One limitation is that all the operators are left-associative. User-defined associativity shouldn't be too hard to add, but I had to draw the line somewhere.

By the way, my first implementation was a monolithic beast that evaluated the expression all in one pass, but now I use separate passes for Tokenization, Parsing and Evaluation. I must admit the monolithic beast had a few tricks up its sleeve. For instance, the if operator was implementable as three unary operators (if, then, and else) and the use of micro operations injected onto the stack. I admit I was tempted to add a Code Generation phase, but I resisted the urge.

Adding new operators

If you don't like && and ||, and prefer and and or instead, you can just define them:

interface Funcs3<T1, T2, T3> {
    // T1 = {'op', 'mem'}
    INFIX2__and__PARSE: ['INFIX2__&&__', _EVAL_Skip<T2>, _EVAL_Skip<T3>];
    INFIX2__and__: 0;           // does nothing

    // T1 = {'op', 'mem'}
    INFIX2__or__PARSE: ['INFIX2__||__', _EVAL_Skip<T2>, _EVAL_Skip<T3>];
    INFIX2__or__: 0;            // does nothing
}

type SAMPLE_TEST6 = EvalExpr<SAMPLE_OBJ, `
    ('car' and 'Tim' and 'tree') or 'name5'
`>;

We cheated a little as we left the heavy lifting to the original operators && and ||.

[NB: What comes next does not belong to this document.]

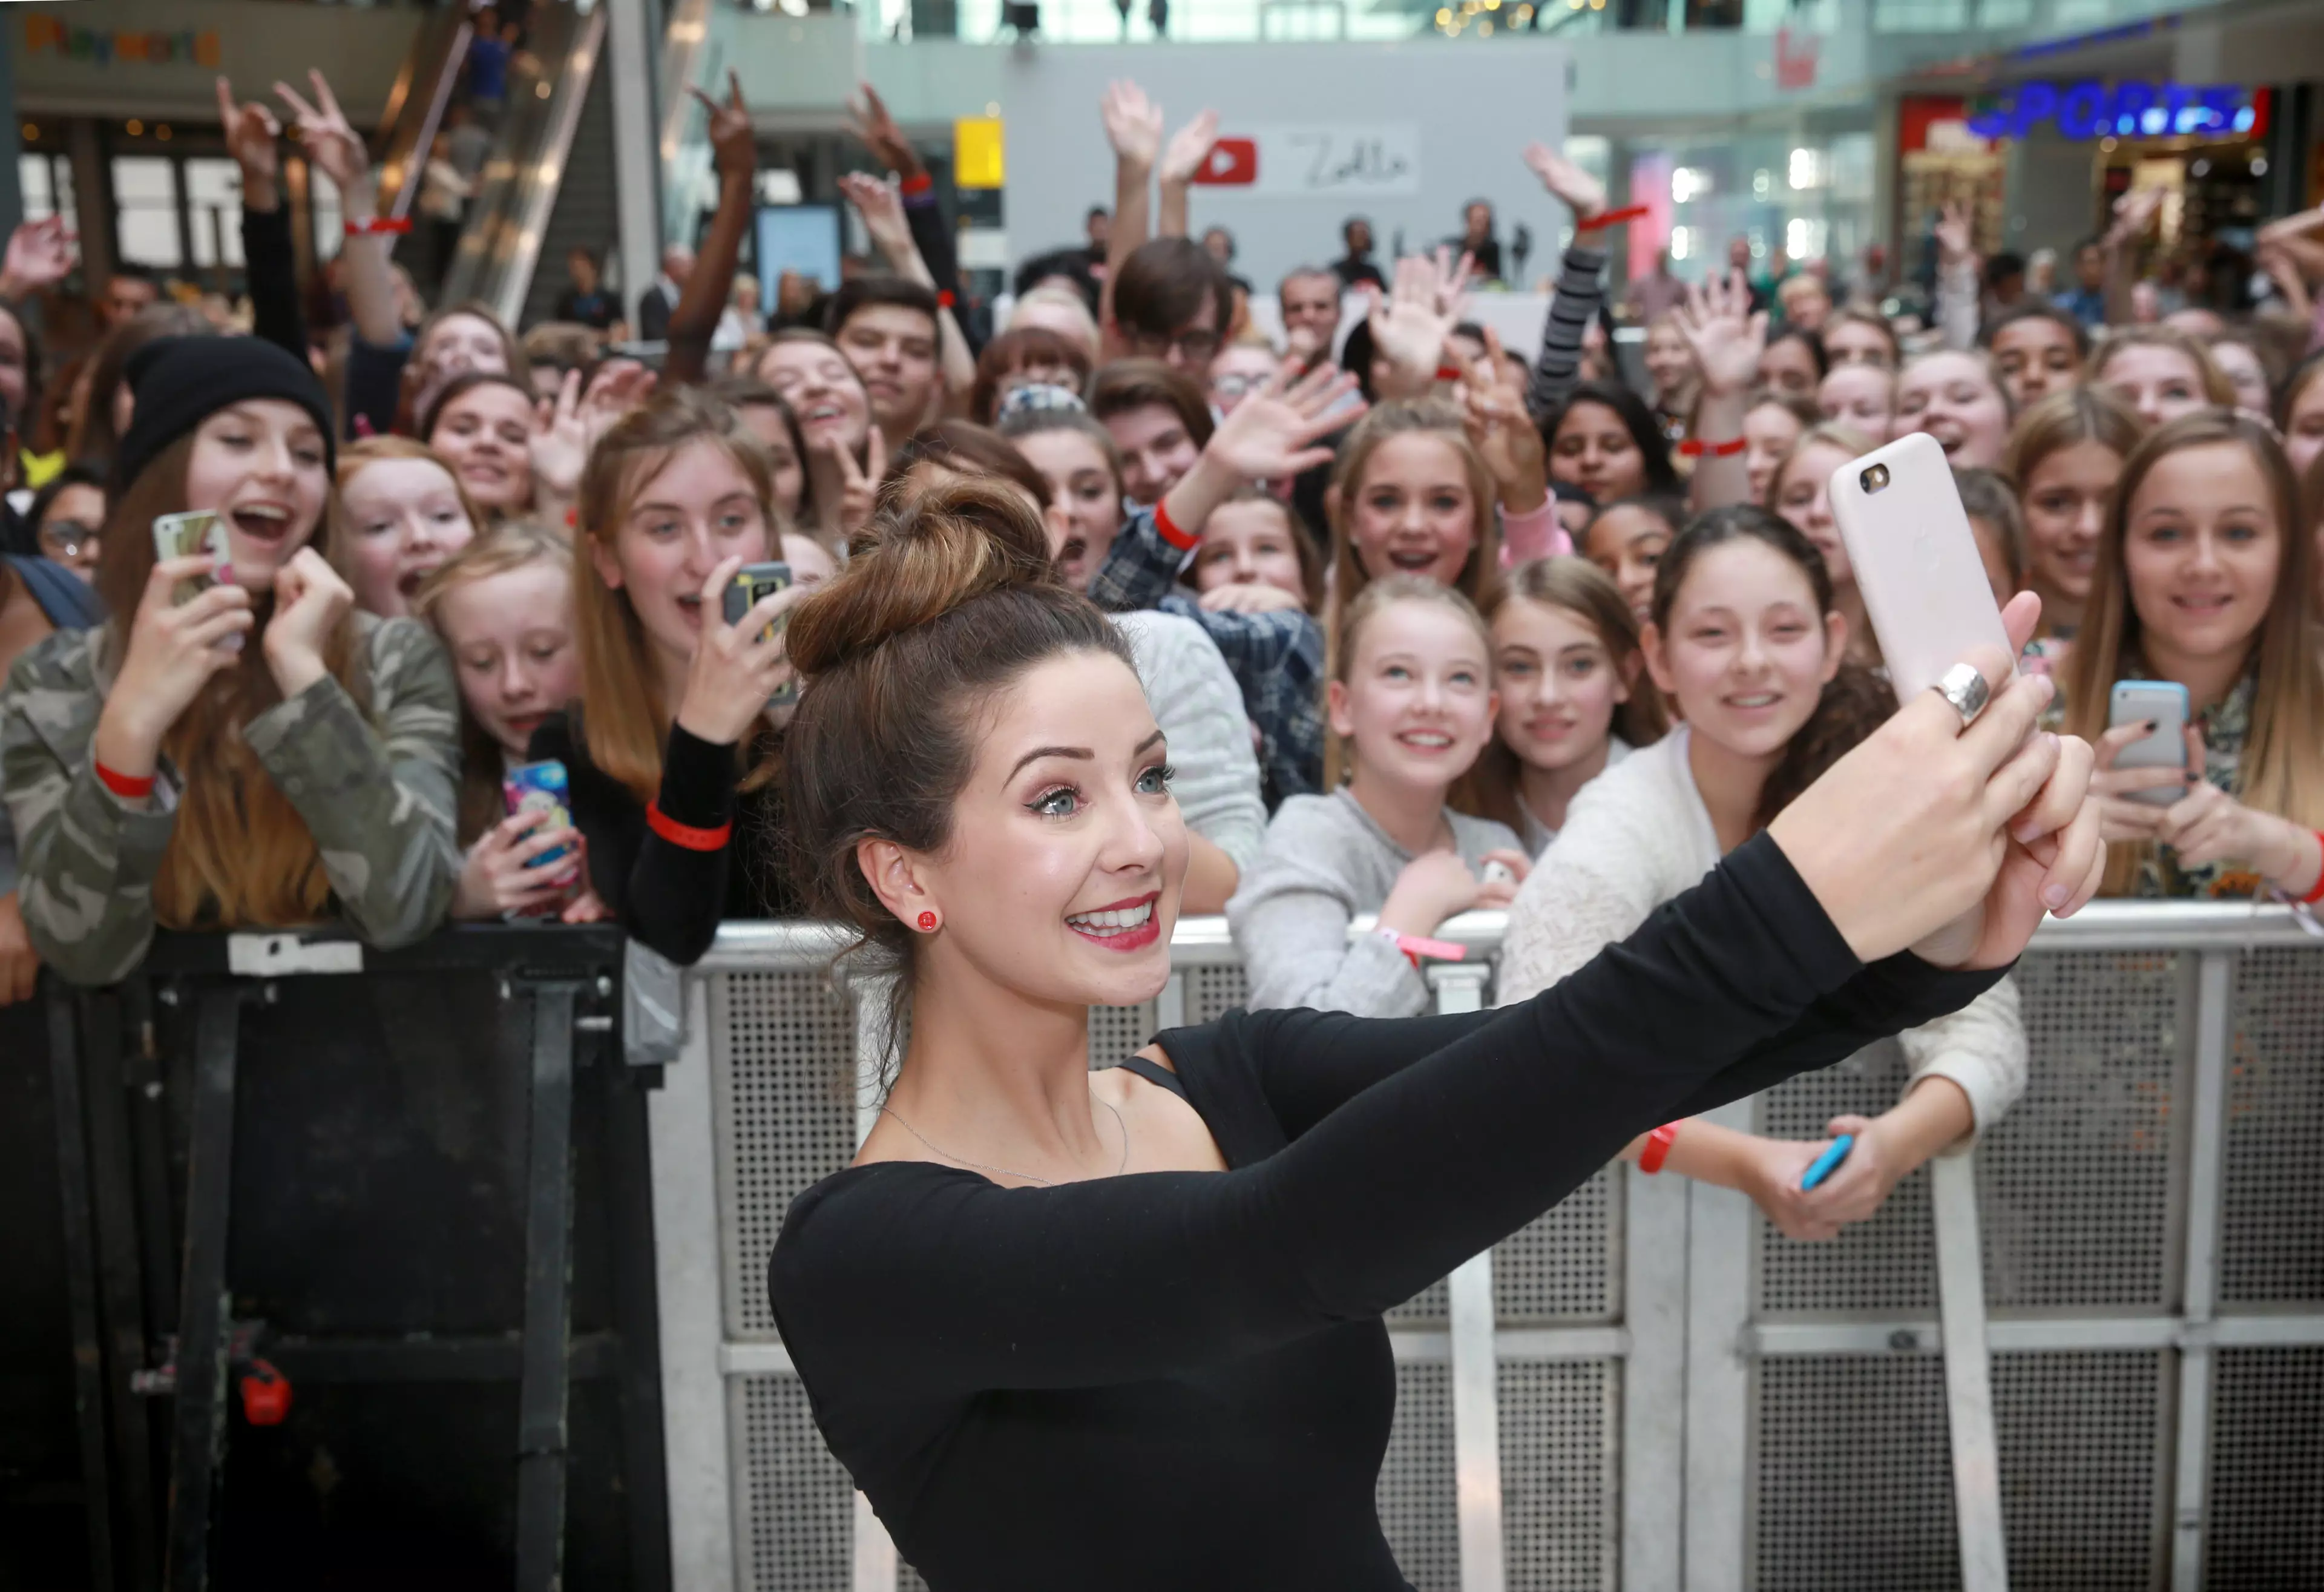 Zoella has been popular amongst young girls and teens (

Note that TYPE__opName__ acts at evaluation time, whereas TYPE__opName__PARSE at parsing time. The former is always necessary to register the operator. The latter is optional.

In this example, we modify the AST (Abstract Syntax Tree) by replacing

['INFIX2__and__', _EVAL_Skip<T2>, _EVAL_Skip<T3>]

with

['INFIX2__&&__', _EVAL_Skip<T2>, _EVAL_Skip<T3>]

_EVAL_Skip is a wrapper used to skip the evaluation of some operands. This is useful to implement short-circuit evaluation in && and ||, and skip entire branches in if...then...else and ...?...:... operators.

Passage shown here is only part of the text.